Archive for agosto, 2015

Relâmpago

No primeiro contato me atacou –
tinha sede e fome do que é selvagem –
me mordeu. Dilacerou minha falsa paz
e desatinou velhos dilemas, alguns ideais
e o que restou tanto faz.

[inacabado]

Diversas garotas, sentimentos
e momentos.
Diversos olhares me encontram nas ruas,
me entregam cartas
e minha mente desnuda
no silêncio que ecoa nas madrugadas.

Todos os homens parecem tão iguais.

Todas as horas são extremas
Tudo é passageiro – qualquer dilema.

O pretérito imperfeito é tedioso.

Instintivo

Teus olhos
Tua boca
Teu cabelo
E teu cheiro
Não cabem nos poemas, nas palavras.
Nem no meu exagero.

A voz
Os gestos
Os desejos.

Eu já sabia do perigo.
Mesmo assim repousei a testa na arma,
Pedi para que puxasse o gatilho.

“Crack”. “Pow”.

Restou só o coração
e seus impulsos desprovidos de recepção.

A percepção:
Descanso em teu sorriso
quando me beija e empurra – como quem nega algo só pra provocar.
Você se diverte.
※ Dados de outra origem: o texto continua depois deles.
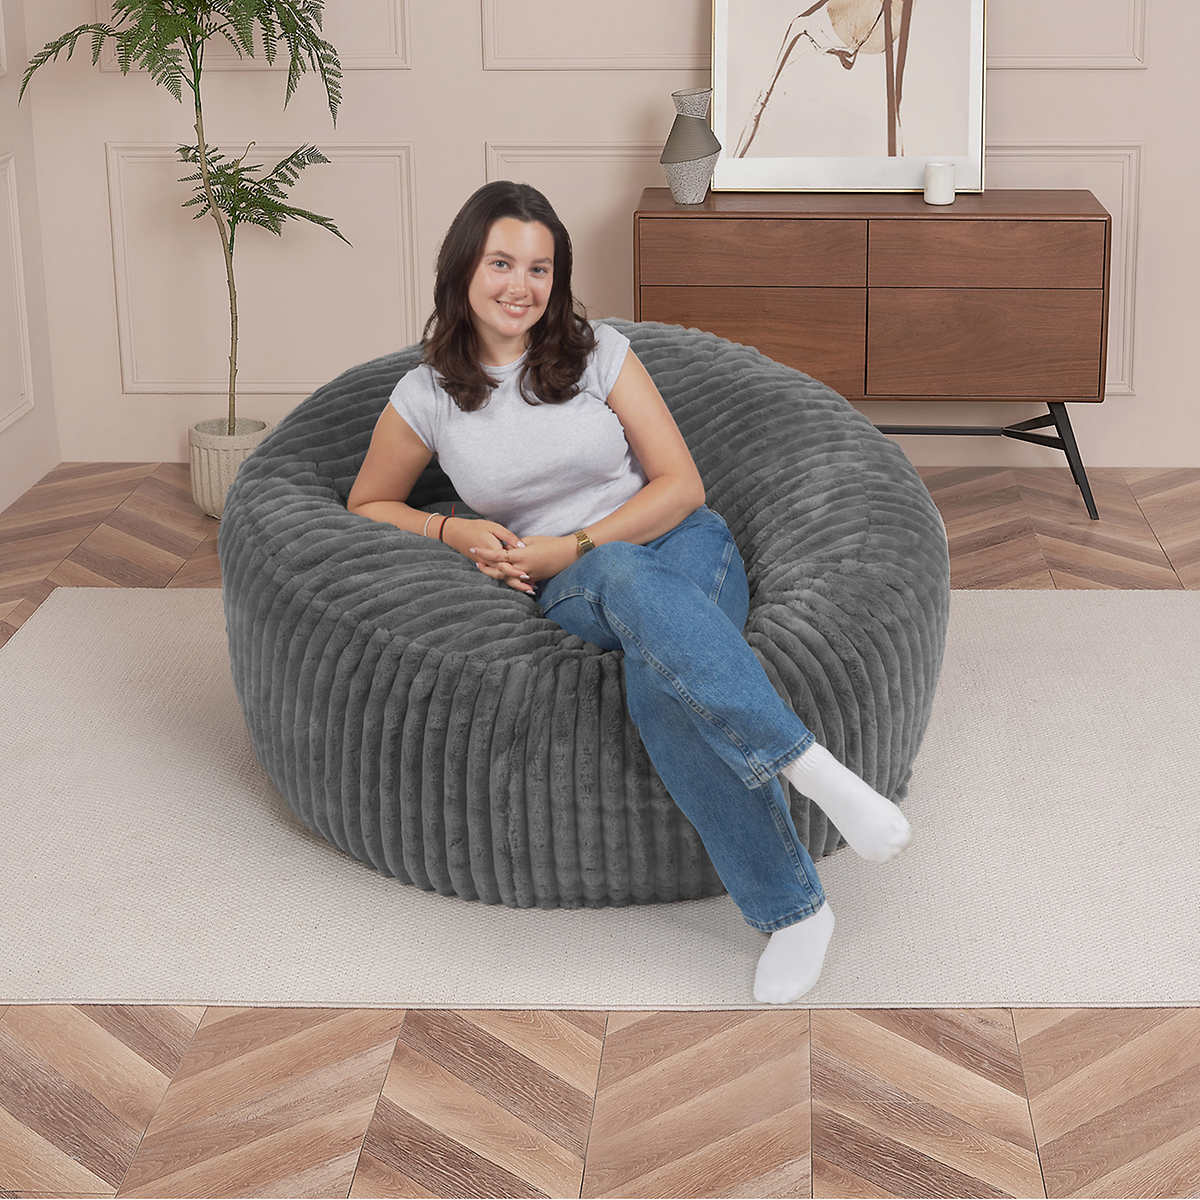 Living Room Furniture Fur Giant Bean Bag Sofa Cover With Filling & Without  Filling- FREE SHIPPING WORLDWIDE

Eu quase perco o ar.

Selvagem. Instintivo. Livre.

Verdadeiramente vivo.

“A poesia não está nos versos, por vezes ela está no coração. E é tamanha. A ponto de não caber nas palavras.”

Jorge Amado

Meu mal

Vício voraz
Teu beijo
Que roubou minha paz,
Despertou desejo.

Lampejo, fogo
Labaredas queimam na escuridão – Uso o calor pra acender mais um cigarro.

Vinho, uísque…
Tanto faz.

O abismo é escuro e inexplorado,
O perigo é nato. Sedutor.

A aventura chama,
Só quero me perder.

Ardil. Fugaz.
O veneno nas entranhas
Pode sufocar.

A real liberdade
Está em ser selvagem.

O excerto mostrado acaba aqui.